I was 19 year old when I went to that doctor.
He scanned my uterus and told me I was pregnant with twins.
Walking down the street some minutes later Mother Earth spoke to me. See, I wanted to be a rock star and/or a detective journalist “but girl, I have other plans for you” she said.
It was the first spiritual experience I identify as a spiritual experience.
Previous spiritual experiences had simply been just life. Reality.  Sure. I´m experienced. I´ve seen all kinds of crazy but that time on the street it was different. So clear.

Sometimes I hear people speak of Mother Earth but I don´t think we´re talking about the same identity.
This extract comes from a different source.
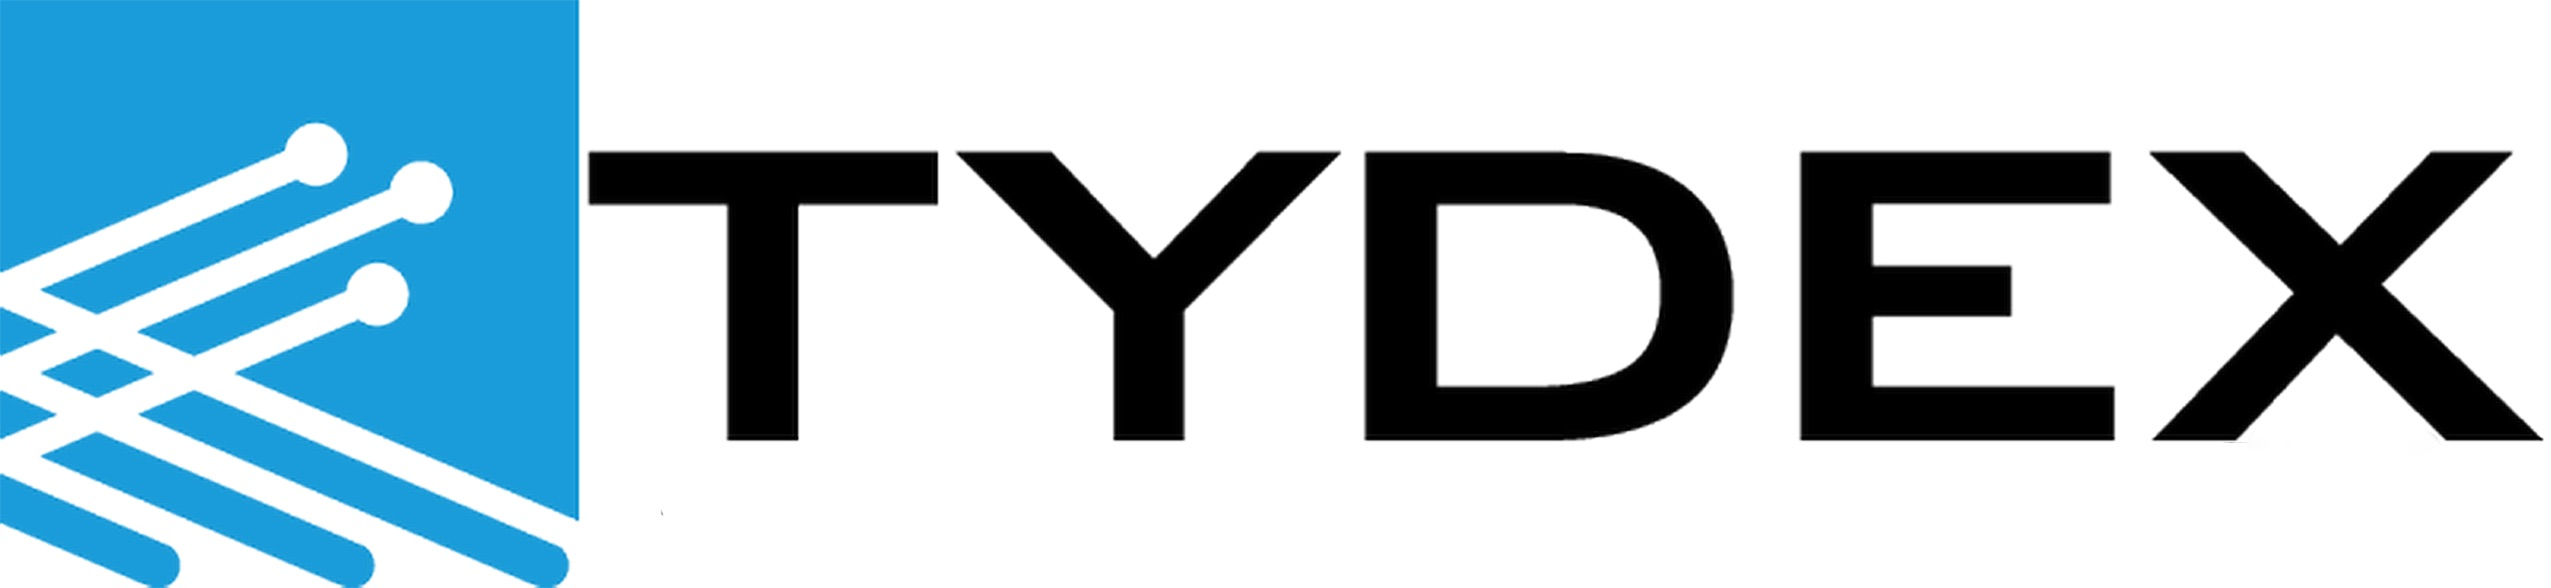 Tydex_logo_90

To me she is not “nature” or “the planet” or some golden crystal consciousness. She just is.
Kind enough to let me know that my whole life would change, I would change, but it was all right because she had plans for me.
I was not senselessly drifting, wasting my life, no, I was to live a thousand lives in one life, I was to suck out the marrow of life (as one poet puts it)

Ever since then change has been more than my middle name. Deprogramming. Deconstruction. Building. Formatting.
Ever since.
Always.

Victoria is visiting us for a couple of days. A while ago she decided to become an adventurer. Now she´s working for a company in Holland who builds pirate ships and transports rum. Fairtrade. Emission free. She´s building a sailboat, maiden voyage in march, she won´t be home for christmas. Viking warrior.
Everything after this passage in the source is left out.